(Entries provided Opens)

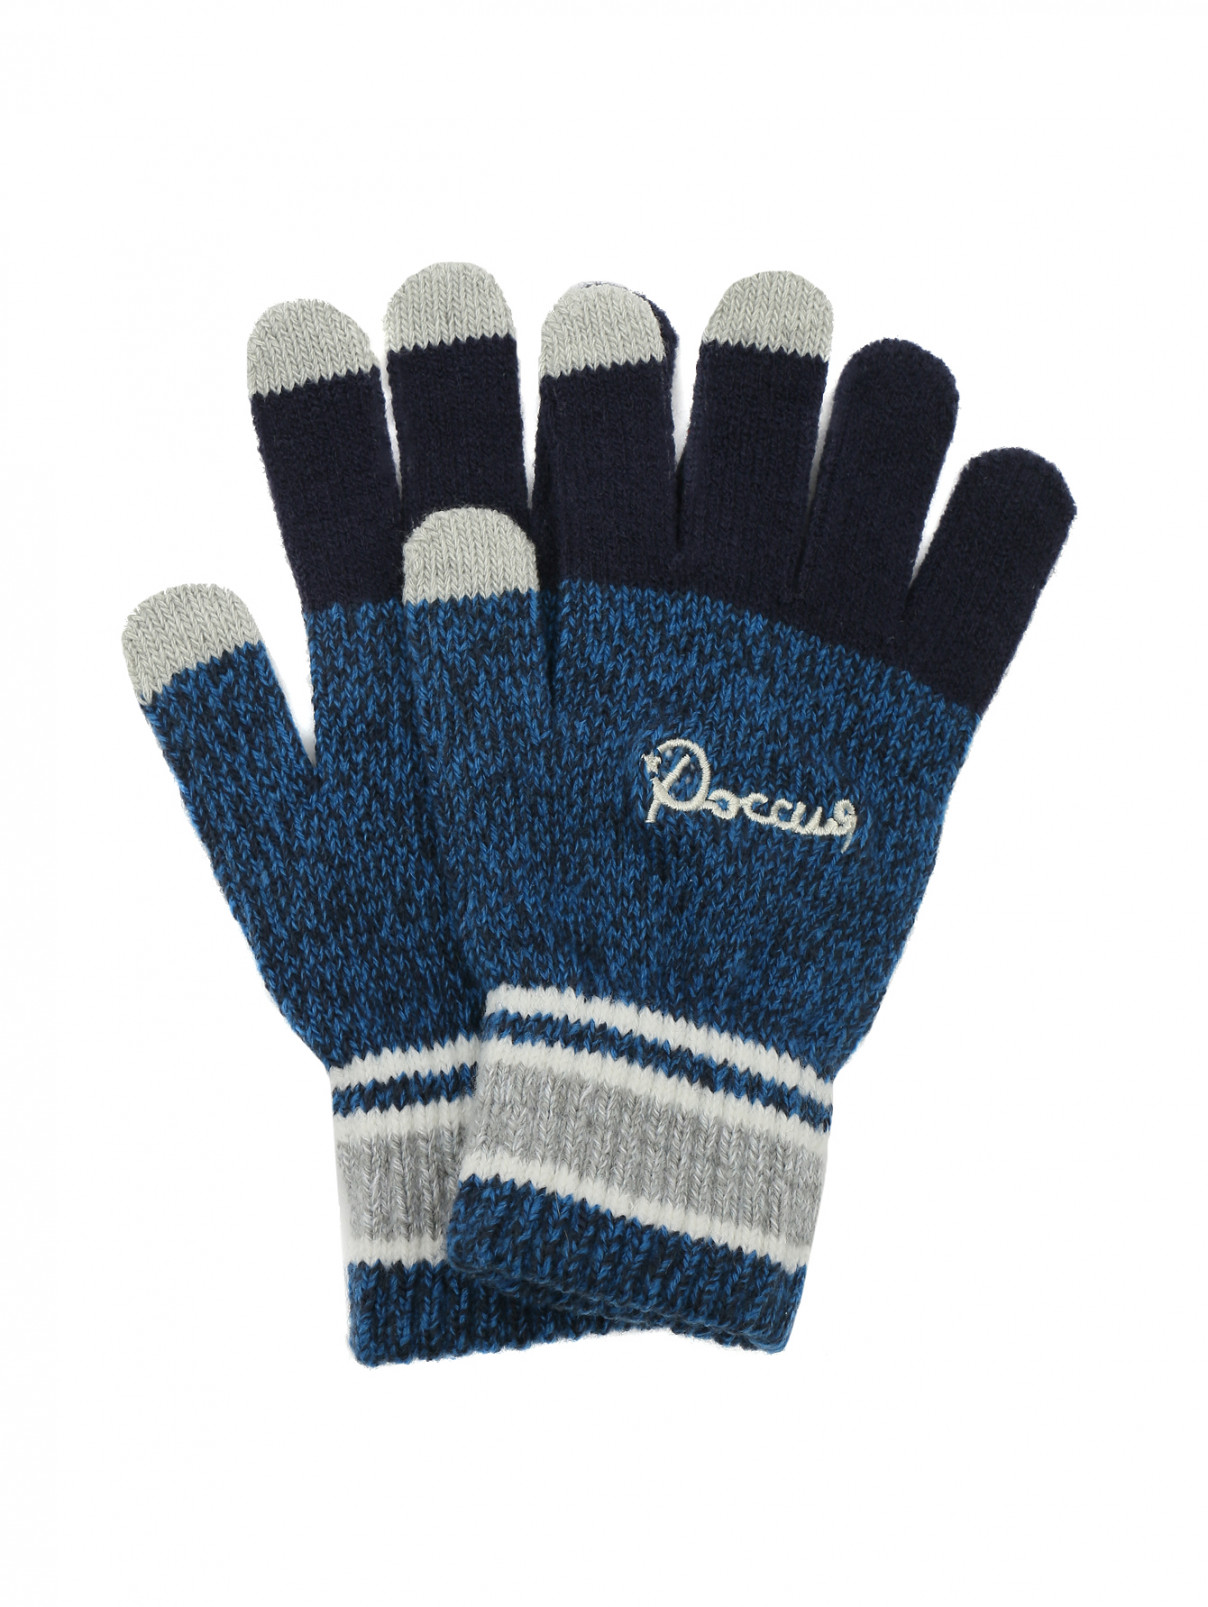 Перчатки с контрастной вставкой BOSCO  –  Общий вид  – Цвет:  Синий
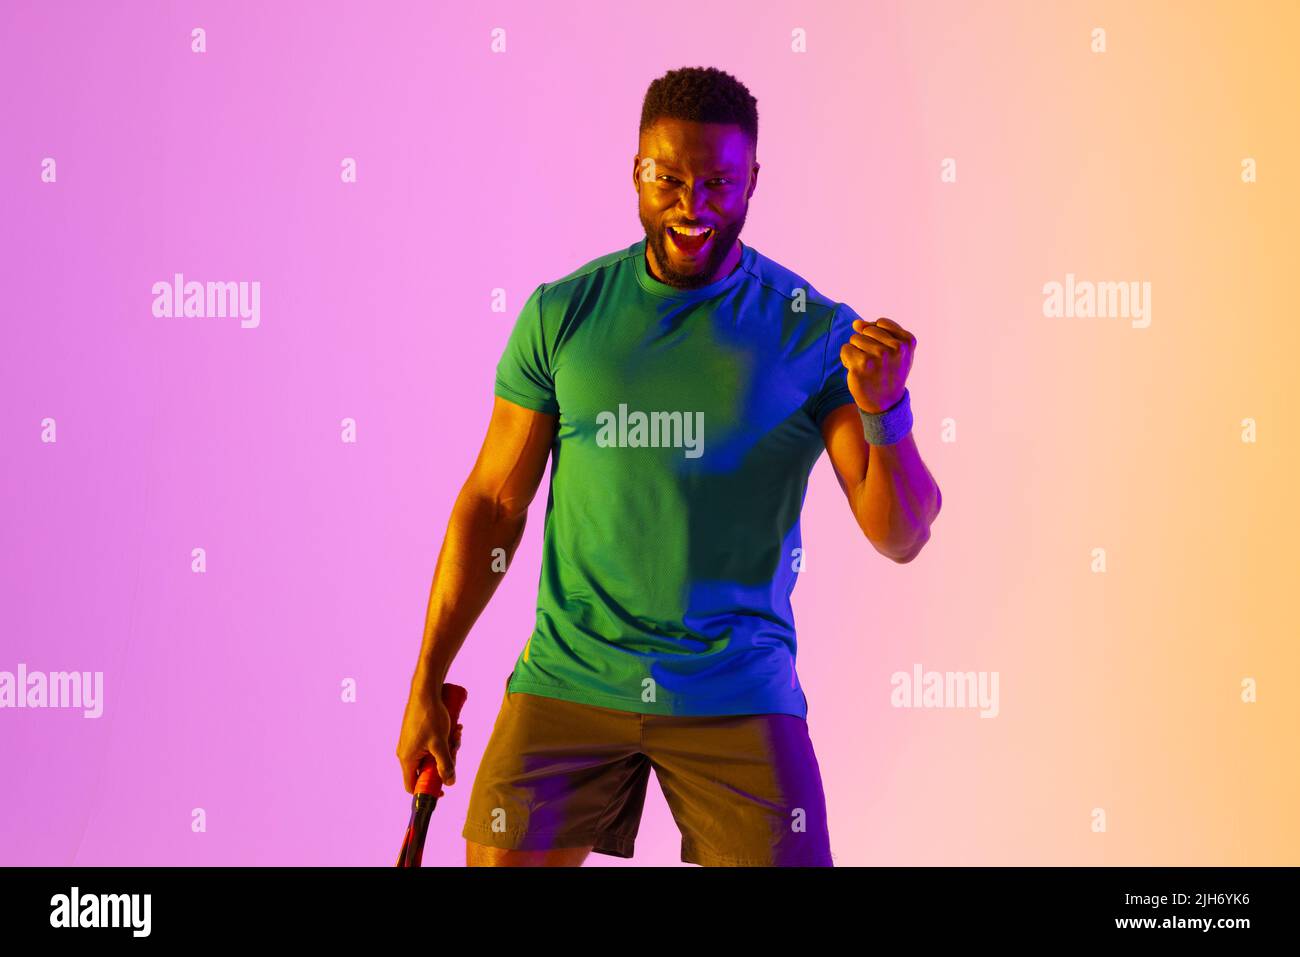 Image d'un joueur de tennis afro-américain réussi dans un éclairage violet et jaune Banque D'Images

(Entries provided Closes)
(Entries provided Opens)

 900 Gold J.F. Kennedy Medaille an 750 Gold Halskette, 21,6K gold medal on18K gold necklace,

(Entries provided Closes)

→ Required action
I'd like the lines above repeated exactly, from the one that contains "Перчатки с контрастной" through the one that contains "Image d'un joueur", with no pictures.

→ Response to the exercise
 Перчатки с контрастной вставкой BOSCO  –  Общий вид  – Цвет:  Синий
 Image d'un joueur de tennis afro-américain réussi dans un éclairage violet et jaune Banque D'Images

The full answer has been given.